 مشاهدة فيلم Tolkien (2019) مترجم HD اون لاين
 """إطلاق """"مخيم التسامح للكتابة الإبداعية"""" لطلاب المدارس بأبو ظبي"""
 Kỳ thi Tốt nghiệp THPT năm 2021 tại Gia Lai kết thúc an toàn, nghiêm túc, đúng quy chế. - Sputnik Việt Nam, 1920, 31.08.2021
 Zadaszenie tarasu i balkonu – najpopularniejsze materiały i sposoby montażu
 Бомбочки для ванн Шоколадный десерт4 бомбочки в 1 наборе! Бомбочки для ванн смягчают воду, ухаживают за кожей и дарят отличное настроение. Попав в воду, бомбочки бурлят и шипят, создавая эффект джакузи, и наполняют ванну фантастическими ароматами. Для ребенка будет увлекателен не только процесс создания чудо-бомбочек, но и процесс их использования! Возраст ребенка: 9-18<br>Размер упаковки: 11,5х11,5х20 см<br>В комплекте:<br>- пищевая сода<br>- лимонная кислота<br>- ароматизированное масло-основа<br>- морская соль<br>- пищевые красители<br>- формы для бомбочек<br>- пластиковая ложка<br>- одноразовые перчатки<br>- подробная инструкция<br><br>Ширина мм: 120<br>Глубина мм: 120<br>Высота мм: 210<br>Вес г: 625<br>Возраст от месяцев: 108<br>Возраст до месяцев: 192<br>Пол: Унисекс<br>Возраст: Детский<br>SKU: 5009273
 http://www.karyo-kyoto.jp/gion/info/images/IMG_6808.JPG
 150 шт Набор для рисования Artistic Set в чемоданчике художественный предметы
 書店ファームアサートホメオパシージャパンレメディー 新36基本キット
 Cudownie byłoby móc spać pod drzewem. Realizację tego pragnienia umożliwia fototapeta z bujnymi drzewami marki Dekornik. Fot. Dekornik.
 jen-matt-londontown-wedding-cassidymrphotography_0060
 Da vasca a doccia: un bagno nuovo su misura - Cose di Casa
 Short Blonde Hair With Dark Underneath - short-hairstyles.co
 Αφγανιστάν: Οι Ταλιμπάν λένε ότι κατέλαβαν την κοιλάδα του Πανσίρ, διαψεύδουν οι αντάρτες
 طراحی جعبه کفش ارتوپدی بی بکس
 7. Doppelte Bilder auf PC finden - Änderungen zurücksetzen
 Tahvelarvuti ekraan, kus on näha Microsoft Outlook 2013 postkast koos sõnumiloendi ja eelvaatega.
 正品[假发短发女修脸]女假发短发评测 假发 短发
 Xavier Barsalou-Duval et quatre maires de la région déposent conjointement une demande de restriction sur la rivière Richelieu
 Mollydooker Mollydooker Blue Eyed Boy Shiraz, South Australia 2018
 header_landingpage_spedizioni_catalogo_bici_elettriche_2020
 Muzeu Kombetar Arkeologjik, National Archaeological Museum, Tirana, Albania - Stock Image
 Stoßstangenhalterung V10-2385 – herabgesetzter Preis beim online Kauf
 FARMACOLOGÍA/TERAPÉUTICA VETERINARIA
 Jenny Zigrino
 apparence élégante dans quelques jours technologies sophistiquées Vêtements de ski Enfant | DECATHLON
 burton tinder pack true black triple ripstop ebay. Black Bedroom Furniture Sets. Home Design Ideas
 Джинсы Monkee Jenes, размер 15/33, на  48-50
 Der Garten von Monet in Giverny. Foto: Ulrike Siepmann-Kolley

• • • • • • •

▸ EXERCISE REQUIREMENTS:
Reproduce exactly every line that sits between the start of the entries and the line bearing "Zadaszenie tarasu i", counting both of those lines.

▸ ANSWER SPACE:
 مشاهدة فيلم Tolkien (2019) مترجم HD اون لاين
 """إطلاق """"مخيم التسامح للكتابة الإبداعية"""" لطلاب المدارس بأبو ظبي"""
 Kỳ thi Tốt nghiệp THPT năm 2021 tại Gia Lai kết thúc an toàn, nghiêm túc, đúng quy chế. - Sputnik Việt Nam, 1920, 31.08.2021
 Zadaszenie tarasu i balkonu – najpopularniejsze materiały i sposoby montażu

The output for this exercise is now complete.